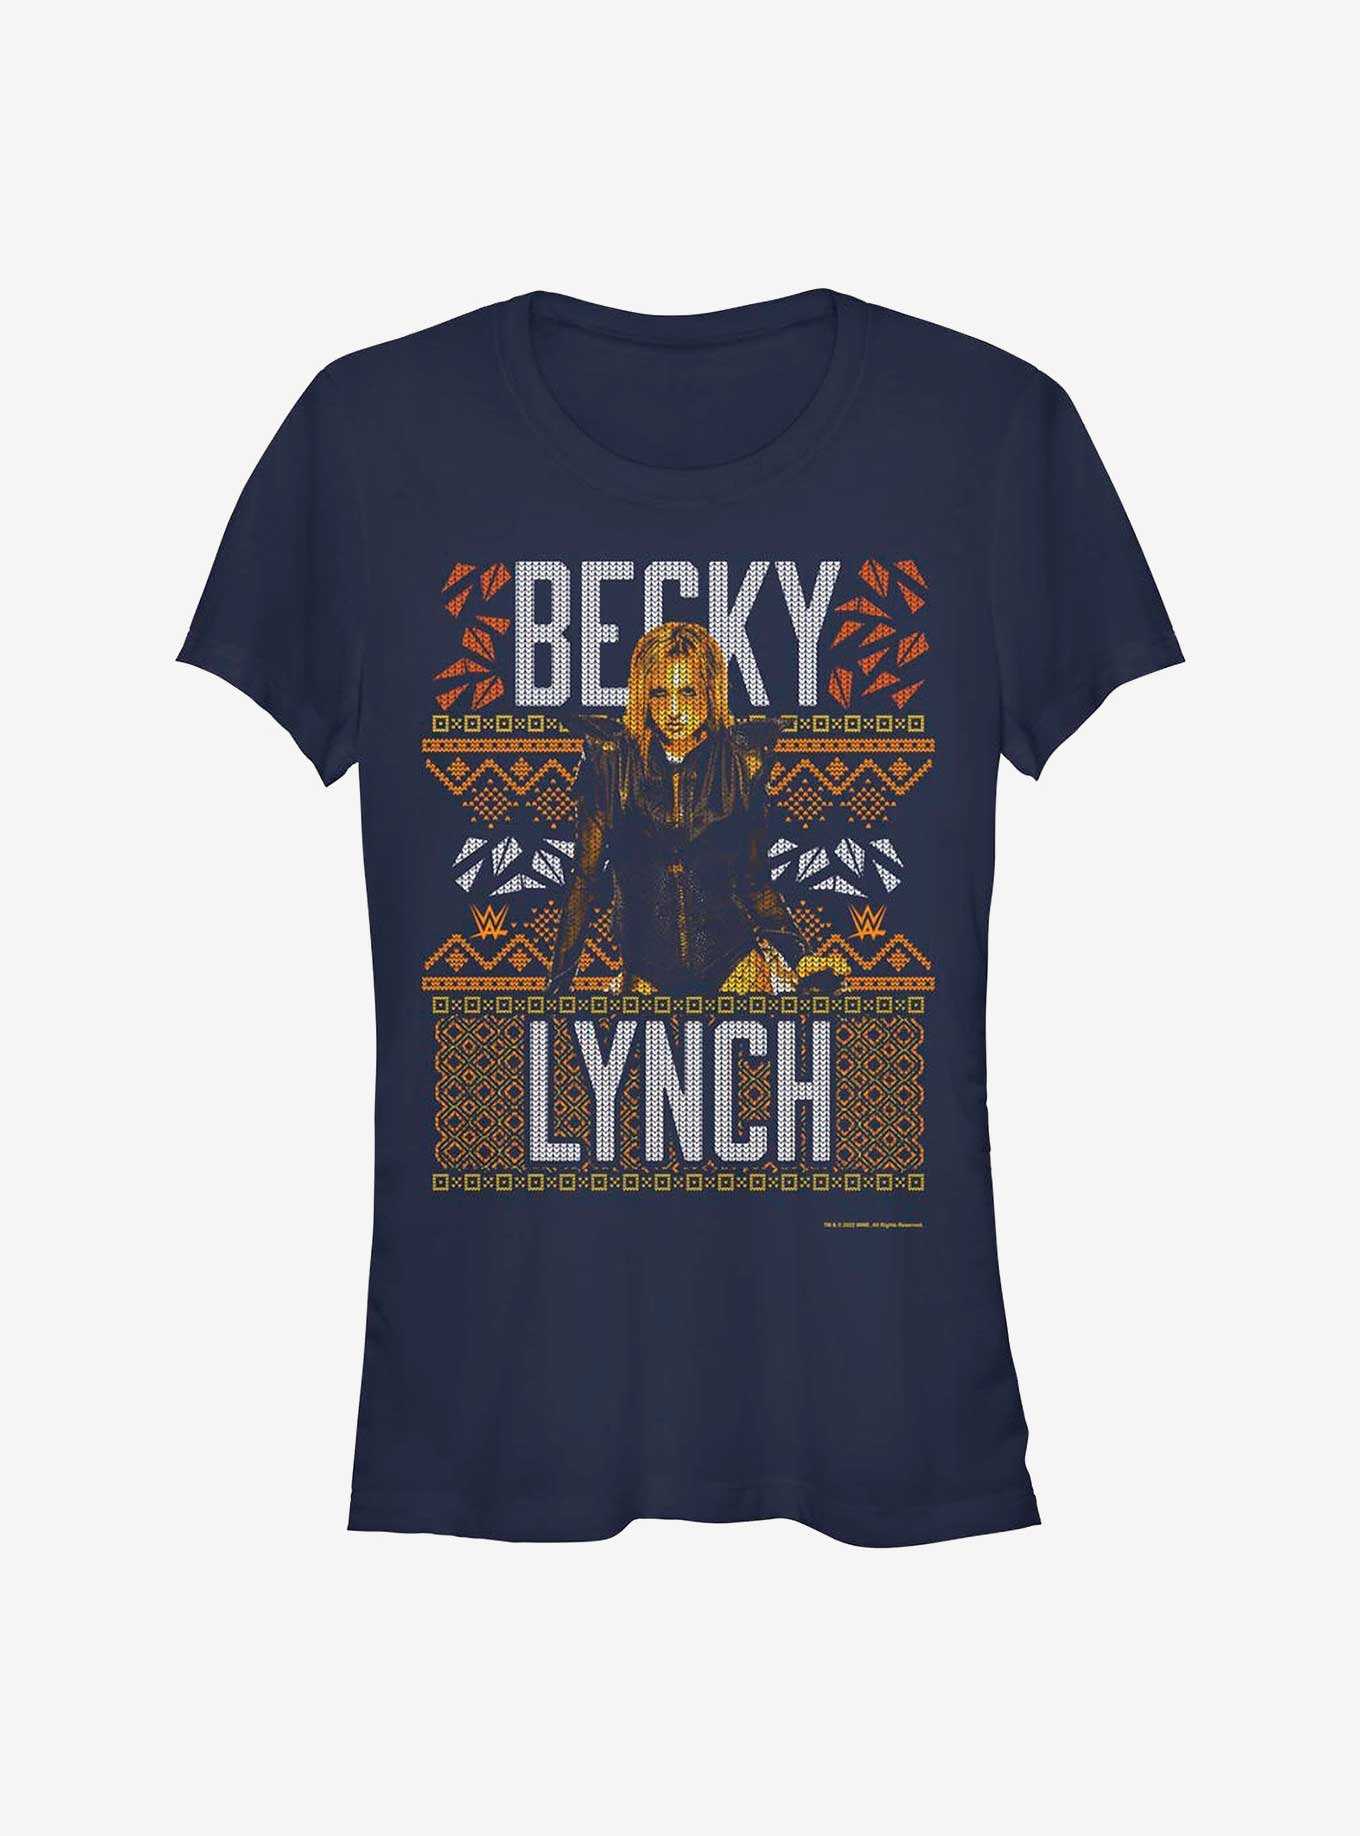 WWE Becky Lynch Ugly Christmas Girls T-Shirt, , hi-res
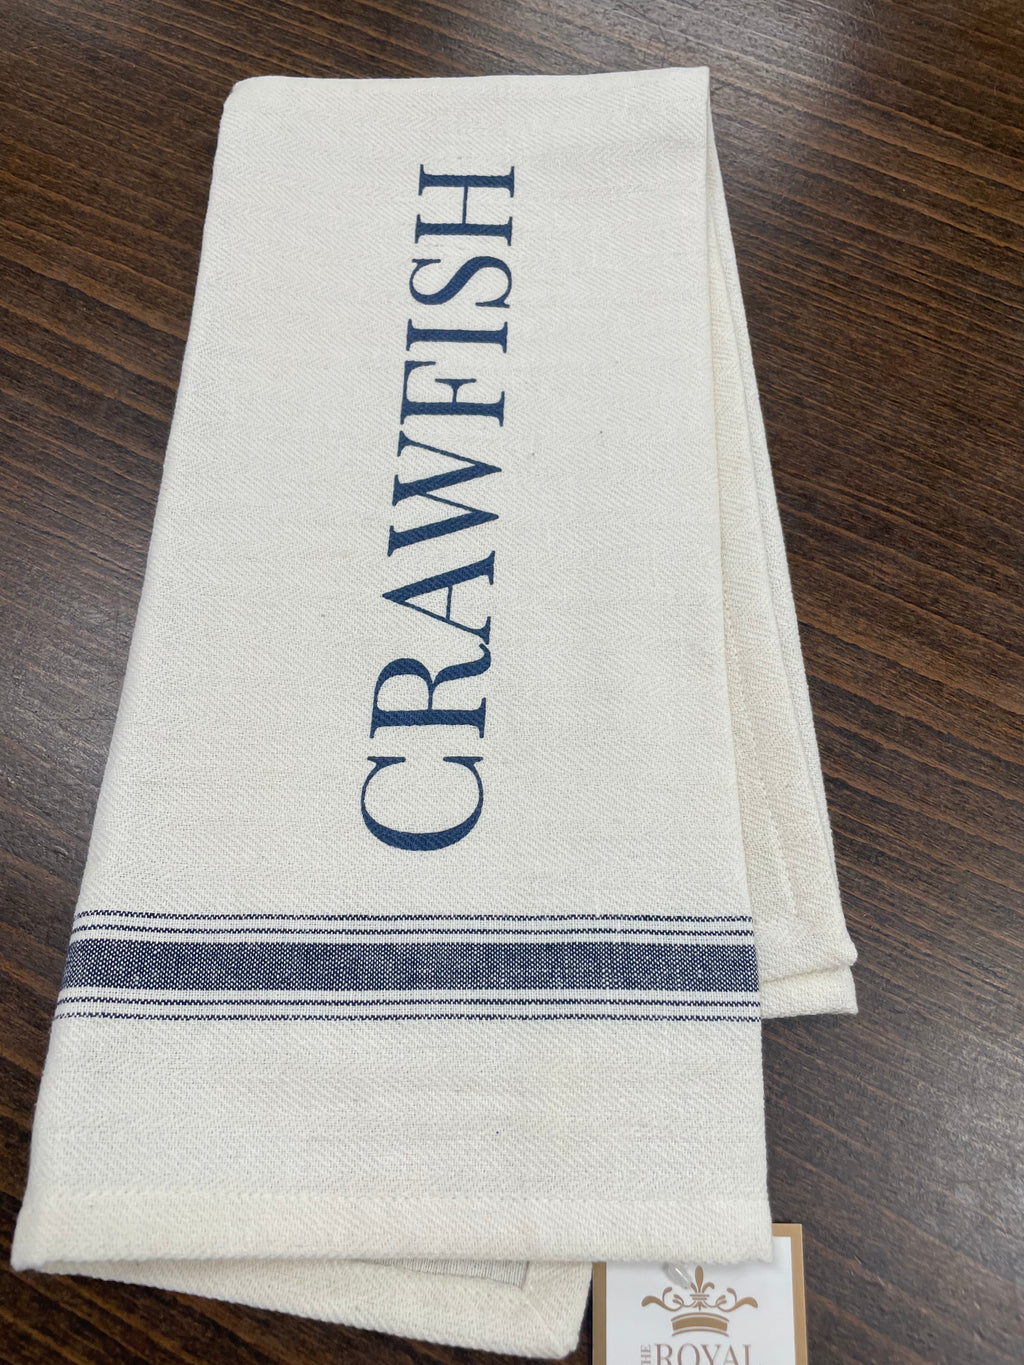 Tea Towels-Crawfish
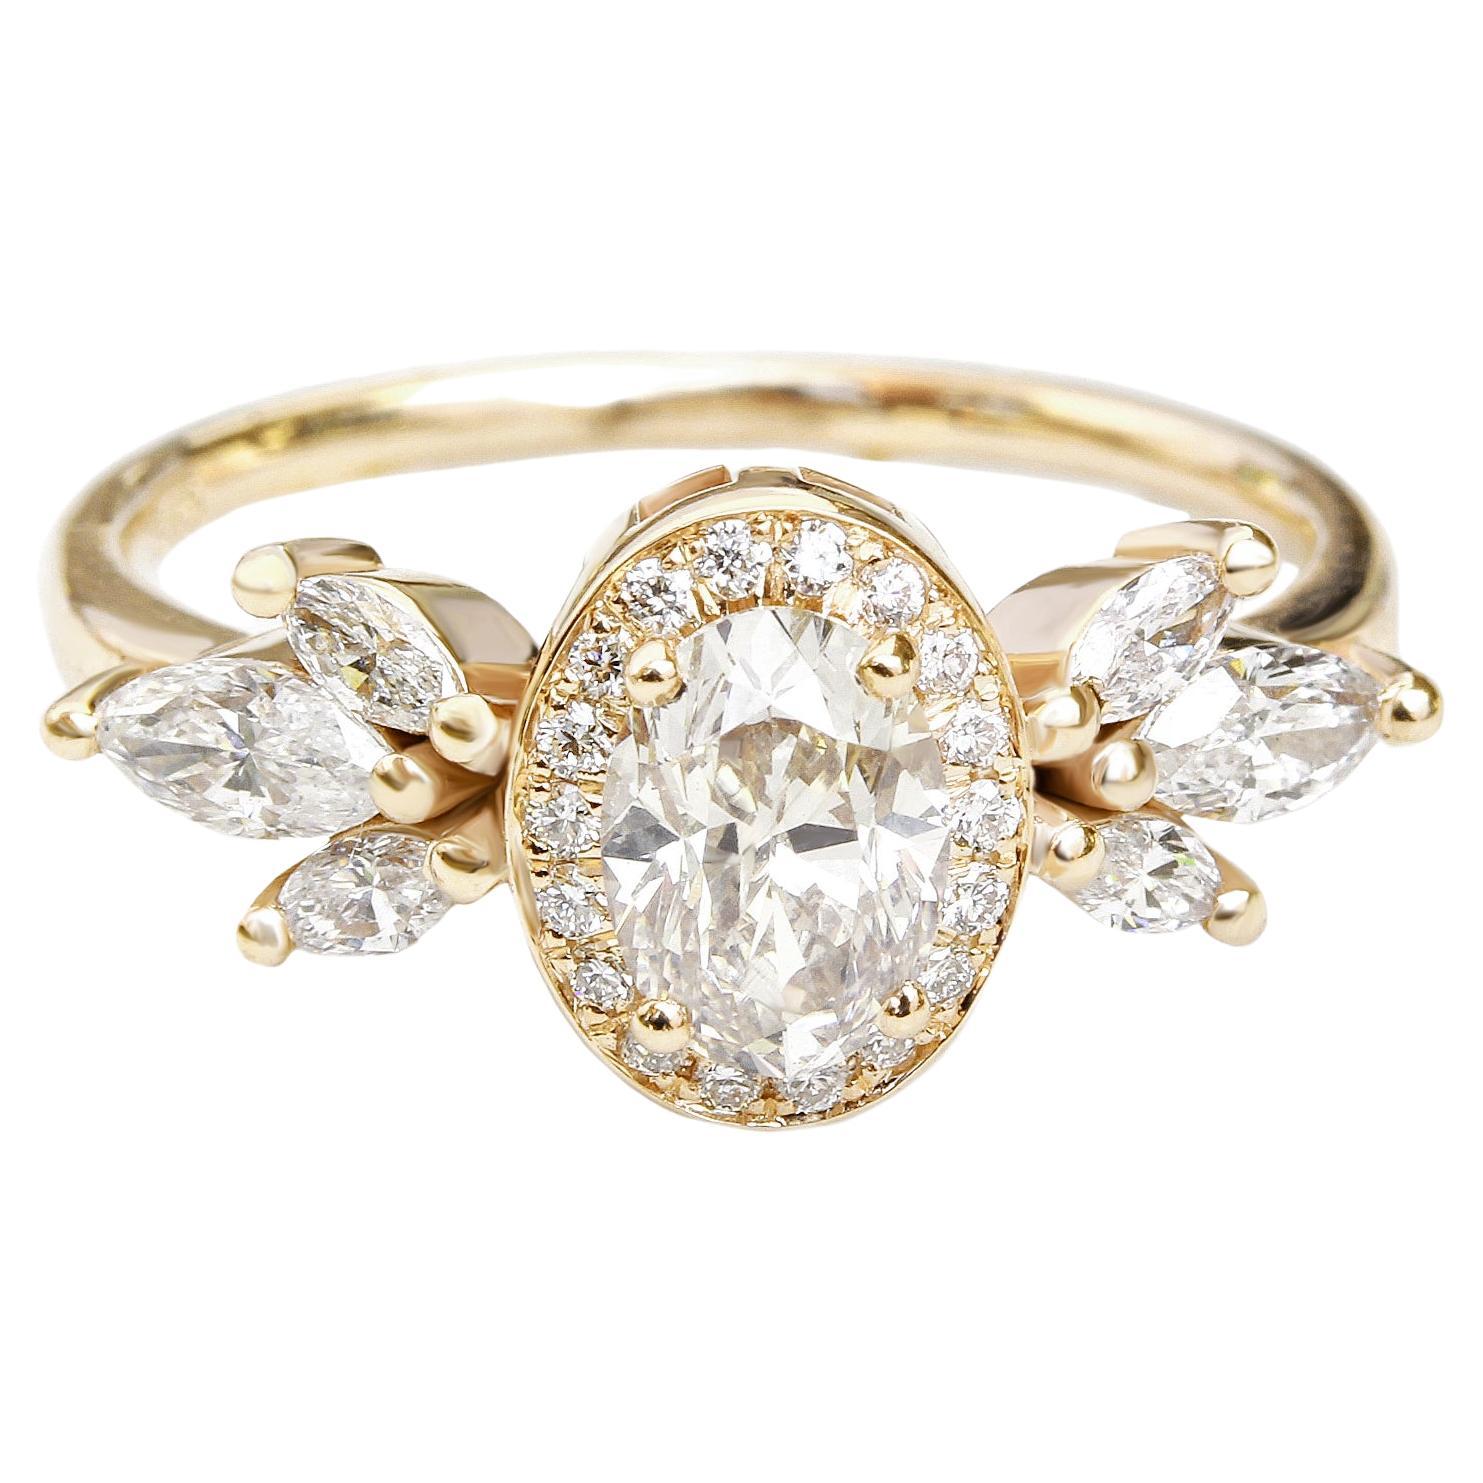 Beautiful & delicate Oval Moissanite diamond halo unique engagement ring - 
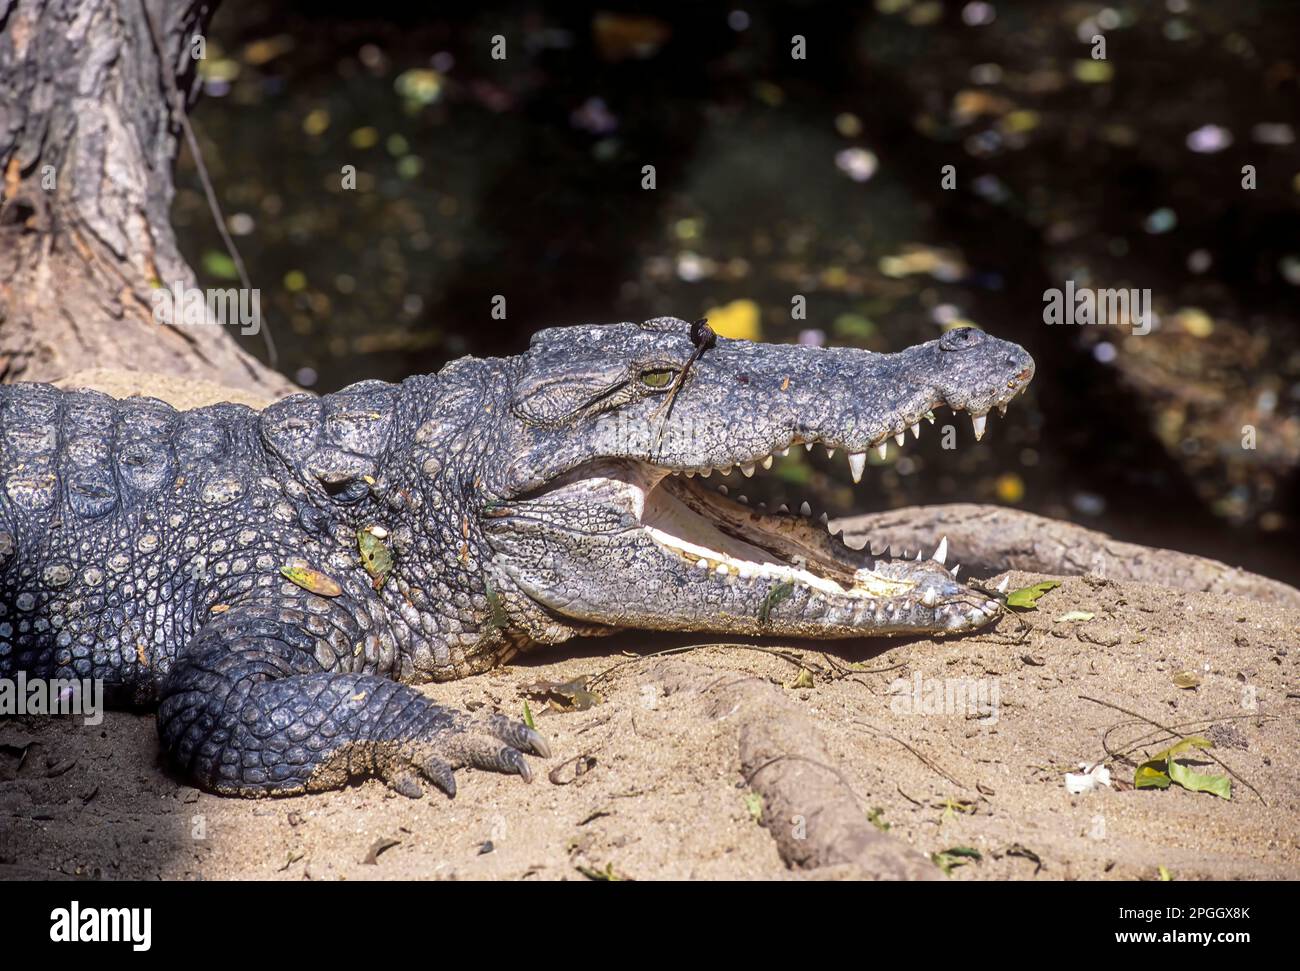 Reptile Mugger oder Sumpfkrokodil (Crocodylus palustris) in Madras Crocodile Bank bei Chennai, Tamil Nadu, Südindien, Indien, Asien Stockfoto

§ WHAT TO WORK ON
Reproduce each line above exactly, but not a single picture.

§ RESULT BELOW
 WWE Becky Lynch Ugly Christmas Girls T-Shirt, , hi-res
 Tea Towels-Crawfish
 Beautiful & delicate Oval Moissanite diamond halo unique engagement ring - 
 Reptile Mugger oder Sumpfkrokodil (Crocodylus palustris) in Madras Crocodile Bank bei Chennai, Tamil Nadu, Südindien, Indien, Asien Stockfoto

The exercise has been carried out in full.